▸ TASK TO CARRY OUT
Report the number of lines of the listing below containing the string "Model", with nothing added.

▸ EXCERPTED RECORDS
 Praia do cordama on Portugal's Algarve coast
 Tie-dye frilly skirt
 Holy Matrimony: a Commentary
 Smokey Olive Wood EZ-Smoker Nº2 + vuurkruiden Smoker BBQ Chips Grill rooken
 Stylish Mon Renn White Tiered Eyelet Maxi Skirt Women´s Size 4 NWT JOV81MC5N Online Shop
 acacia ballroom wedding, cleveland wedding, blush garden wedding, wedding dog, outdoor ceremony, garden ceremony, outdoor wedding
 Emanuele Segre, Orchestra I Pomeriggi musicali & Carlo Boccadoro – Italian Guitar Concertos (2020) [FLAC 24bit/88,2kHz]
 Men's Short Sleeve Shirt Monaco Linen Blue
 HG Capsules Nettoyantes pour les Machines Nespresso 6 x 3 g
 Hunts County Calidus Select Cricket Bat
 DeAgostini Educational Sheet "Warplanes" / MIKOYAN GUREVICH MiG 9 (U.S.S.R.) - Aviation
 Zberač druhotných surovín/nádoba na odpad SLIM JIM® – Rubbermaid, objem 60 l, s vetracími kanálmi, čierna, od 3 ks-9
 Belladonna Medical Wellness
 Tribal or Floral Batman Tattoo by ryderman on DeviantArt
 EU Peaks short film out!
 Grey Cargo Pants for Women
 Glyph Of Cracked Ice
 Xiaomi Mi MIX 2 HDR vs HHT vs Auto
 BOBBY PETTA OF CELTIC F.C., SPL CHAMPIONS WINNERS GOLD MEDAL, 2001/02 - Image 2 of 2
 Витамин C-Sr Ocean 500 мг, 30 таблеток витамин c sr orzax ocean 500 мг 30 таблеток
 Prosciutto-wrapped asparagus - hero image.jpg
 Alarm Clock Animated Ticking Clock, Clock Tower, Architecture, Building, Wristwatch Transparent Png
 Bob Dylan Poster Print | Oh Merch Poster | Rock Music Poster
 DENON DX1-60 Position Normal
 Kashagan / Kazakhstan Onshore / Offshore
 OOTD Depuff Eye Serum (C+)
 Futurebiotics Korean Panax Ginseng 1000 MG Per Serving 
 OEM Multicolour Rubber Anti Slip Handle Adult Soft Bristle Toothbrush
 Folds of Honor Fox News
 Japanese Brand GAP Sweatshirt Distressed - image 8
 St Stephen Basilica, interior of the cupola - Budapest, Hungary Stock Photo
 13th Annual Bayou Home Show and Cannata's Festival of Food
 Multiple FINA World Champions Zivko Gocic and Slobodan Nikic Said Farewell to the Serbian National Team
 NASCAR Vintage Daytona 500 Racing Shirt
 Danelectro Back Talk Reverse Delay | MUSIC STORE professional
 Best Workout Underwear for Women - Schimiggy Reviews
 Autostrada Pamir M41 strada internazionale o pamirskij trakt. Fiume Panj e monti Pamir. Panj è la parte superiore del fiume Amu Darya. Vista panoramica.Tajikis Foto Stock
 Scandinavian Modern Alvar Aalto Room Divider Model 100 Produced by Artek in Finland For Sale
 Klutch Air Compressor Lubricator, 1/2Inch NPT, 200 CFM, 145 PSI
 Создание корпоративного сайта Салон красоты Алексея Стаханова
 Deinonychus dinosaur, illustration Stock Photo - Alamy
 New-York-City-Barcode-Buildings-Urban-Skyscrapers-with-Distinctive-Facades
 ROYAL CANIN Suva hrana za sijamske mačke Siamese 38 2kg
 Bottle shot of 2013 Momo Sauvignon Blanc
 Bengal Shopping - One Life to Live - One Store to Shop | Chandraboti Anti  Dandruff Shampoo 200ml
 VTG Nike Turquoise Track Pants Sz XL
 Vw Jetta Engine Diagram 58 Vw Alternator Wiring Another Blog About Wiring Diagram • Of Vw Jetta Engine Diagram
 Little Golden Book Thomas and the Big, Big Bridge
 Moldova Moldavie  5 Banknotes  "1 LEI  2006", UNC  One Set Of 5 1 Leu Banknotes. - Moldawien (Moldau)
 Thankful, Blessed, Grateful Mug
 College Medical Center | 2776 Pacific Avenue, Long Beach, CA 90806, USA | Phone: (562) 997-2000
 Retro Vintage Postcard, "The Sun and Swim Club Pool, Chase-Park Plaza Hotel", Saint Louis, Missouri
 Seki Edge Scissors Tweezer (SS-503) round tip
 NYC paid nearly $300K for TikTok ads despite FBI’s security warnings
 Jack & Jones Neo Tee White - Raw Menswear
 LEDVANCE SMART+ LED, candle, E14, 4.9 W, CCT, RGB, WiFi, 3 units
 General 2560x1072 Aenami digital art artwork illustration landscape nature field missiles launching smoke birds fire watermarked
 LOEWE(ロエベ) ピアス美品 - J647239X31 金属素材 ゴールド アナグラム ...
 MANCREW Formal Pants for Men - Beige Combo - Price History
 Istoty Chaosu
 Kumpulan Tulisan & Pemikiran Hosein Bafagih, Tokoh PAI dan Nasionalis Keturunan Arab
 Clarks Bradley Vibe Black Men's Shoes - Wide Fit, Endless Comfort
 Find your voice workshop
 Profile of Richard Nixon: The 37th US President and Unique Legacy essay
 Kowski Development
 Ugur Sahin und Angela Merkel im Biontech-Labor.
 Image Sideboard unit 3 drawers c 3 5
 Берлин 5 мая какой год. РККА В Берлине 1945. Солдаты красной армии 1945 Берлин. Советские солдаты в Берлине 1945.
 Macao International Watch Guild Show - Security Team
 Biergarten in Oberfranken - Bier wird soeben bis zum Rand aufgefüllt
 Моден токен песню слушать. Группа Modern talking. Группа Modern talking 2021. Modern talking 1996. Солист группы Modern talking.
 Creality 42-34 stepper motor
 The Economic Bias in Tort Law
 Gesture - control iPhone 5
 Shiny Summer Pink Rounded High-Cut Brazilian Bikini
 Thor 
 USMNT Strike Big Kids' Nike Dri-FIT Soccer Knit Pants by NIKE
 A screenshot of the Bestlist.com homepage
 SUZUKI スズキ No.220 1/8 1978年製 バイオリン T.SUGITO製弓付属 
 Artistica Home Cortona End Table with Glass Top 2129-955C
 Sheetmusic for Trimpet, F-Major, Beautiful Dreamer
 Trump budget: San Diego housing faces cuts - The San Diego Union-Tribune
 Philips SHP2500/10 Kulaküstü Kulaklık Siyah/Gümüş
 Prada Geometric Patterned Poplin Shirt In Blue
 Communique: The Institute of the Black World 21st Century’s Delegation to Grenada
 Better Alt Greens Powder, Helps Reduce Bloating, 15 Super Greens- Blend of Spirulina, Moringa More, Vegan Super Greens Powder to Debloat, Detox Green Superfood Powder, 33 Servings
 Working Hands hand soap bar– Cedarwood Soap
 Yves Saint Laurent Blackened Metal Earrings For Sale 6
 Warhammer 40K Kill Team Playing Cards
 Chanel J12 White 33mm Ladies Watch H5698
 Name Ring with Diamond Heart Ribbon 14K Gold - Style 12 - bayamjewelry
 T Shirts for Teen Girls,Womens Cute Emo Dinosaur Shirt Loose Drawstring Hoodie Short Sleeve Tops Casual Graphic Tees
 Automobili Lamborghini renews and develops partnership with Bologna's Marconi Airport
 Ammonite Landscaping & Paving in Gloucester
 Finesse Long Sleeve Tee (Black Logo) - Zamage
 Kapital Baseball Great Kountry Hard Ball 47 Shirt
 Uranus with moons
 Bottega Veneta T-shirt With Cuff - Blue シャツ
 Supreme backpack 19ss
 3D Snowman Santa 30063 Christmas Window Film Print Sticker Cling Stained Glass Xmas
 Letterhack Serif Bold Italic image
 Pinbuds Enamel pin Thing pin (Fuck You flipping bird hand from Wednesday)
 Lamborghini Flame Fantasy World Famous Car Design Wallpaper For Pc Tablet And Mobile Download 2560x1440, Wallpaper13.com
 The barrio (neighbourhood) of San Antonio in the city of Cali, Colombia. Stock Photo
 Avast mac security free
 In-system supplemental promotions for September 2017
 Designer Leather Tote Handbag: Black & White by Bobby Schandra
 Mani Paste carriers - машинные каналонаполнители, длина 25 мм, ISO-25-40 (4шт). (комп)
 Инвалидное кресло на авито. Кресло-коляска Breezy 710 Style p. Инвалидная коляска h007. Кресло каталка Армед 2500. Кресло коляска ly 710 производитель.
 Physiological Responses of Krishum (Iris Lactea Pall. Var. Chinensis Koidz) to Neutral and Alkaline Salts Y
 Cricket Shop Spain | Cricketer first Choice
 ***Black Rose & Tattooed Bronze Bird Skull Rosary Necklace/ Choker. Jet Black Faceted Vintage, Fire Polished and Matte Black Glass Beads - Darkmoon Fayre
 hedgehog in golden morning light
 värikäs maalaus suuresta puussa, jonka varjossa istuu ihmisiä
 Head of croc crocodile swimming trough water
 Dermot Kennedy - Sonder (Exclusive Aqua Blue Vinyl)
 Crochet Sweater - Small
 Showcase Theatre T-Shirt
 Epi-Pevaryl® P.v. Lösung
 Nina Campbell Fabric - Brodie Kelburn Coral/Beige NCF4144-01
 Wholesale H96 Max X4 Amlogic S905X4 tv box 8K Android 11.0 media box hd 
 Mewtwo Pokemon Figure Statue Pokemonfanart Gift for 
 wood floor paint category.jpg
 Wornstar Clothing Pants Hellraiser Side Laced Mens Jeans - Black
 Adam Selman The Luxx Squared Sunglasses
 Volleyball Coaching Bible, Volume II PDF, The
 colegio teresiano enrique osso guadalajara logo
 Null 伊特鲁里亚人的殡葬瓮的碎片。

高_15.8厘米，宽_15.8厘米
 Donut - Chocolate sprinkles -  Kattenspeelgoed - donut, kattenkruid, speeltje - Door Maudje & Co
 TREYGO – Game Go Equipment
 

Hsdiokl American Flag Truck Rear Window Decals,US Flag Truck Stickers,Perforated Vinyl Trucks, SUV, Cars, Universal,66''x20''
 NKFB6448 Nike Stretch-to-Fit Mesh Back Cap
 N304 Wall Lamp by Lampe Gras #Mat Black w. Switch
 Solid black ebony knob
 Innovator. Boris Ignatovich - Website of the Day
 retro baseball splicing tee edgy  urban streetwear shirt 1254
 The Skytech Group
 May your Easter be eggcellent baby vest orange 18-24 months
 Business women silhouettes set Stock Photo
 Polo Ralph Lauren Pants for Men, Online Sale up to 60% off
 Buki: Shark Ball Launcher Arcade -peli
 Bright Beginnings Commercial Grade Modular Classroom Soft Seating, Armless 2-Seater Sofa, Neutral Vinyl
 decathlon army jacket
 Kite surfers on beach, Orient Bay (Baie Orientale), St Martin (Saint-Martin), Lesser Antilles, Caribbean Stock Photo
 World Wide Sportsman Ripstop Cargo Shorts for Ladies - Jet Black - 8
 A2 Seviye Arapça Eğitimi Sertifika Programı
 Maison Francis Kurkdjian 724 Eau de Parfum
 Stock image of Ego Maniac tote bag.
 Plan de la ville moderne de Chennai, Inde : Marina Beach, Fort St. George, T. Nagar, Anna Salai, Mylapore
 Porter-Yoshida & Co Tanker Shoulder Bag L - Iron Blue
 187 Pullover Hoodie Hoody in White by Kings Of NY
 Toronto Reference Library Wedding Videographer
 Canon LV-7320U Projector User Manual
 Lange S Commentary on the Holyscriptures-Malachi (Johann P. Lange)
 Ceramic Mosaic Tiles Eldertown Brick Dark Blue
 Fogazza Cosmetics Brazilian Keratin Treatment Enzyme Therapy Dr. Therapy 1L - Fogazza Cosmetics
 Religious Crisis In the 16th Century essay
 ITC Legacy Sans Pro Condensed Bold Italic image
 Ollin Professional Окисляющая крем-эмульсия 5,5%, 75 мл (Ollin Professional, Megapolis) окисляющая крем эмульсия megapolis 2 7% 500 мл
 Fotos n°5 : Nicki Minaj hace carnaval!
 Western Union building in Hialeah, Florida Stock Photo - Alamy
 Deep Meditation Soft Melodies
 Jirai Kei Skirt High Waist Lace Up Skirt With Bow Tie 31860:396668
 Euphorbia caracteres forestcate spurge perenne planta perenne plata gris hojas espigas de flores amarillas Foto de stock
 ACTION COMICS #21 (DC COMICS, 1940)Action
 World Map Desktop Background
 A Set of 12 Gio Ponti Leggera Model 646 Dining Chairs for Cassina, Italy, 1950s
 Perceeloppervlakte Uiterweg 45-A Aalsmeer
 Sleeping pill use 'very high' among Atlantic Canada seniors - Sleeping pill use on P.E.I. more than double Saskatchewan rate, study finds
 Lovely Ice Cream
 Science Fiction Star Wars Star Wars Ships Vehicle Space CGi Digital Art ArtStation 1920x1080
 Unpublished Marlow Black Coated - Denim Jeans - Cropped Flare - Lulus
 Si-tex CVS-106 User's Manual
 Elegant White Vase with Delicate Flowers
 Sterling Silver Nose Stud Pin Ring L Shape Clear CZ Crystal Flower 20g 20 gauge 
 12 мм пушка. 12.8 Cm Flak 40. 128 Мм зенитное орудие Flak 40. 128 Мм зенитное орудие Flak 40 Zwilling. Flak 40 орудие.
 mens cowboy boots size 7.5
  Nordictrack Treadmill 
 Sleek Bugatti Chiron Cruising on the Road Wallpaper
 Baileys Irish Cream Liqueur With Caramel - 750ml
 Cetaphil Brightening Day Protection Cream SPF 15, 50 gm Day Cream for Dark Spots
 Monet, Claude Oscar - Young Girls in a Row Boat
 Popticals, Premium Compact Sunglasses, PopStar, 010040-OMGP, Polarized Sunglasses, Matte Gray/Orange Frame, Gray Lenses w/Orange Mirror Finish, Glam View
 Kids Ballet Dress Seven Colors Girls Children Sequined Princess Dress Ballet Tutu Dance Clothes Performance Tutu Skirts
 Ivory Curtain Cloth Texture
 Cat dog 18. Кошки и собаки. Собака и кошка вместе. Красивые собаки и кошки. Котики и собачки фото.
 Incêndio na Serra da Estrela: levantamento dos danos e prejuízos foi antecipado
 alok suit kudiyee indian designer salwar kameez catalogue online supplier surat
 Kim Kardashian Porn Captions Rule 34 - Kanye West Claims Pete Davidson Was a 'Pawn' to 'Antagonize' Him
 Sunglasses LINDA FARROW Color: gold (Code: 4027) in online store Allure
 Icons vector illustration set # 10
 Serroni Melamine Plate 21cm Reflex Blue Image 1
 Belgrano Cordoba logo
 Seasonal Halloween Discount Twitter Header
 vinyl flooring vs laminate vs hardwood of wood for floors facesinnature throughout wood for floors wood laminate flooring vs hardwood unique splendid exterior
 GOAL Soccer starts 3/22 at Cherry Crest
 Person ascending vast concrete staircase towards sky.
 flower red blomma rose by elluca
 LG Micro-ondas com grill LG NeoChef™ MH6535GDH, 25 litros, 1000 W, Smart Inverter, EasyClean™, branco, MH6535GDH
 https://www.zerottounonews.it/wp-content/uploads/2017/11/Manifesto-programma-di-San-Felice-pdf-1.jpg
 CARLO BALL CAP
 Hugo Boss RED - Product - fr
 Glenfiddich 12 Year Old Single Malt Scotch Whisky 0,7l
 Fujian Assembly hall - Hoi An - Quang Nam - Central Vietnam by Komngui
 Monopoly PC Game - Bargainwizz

▸ RESULT OF THIS EXERCISE
2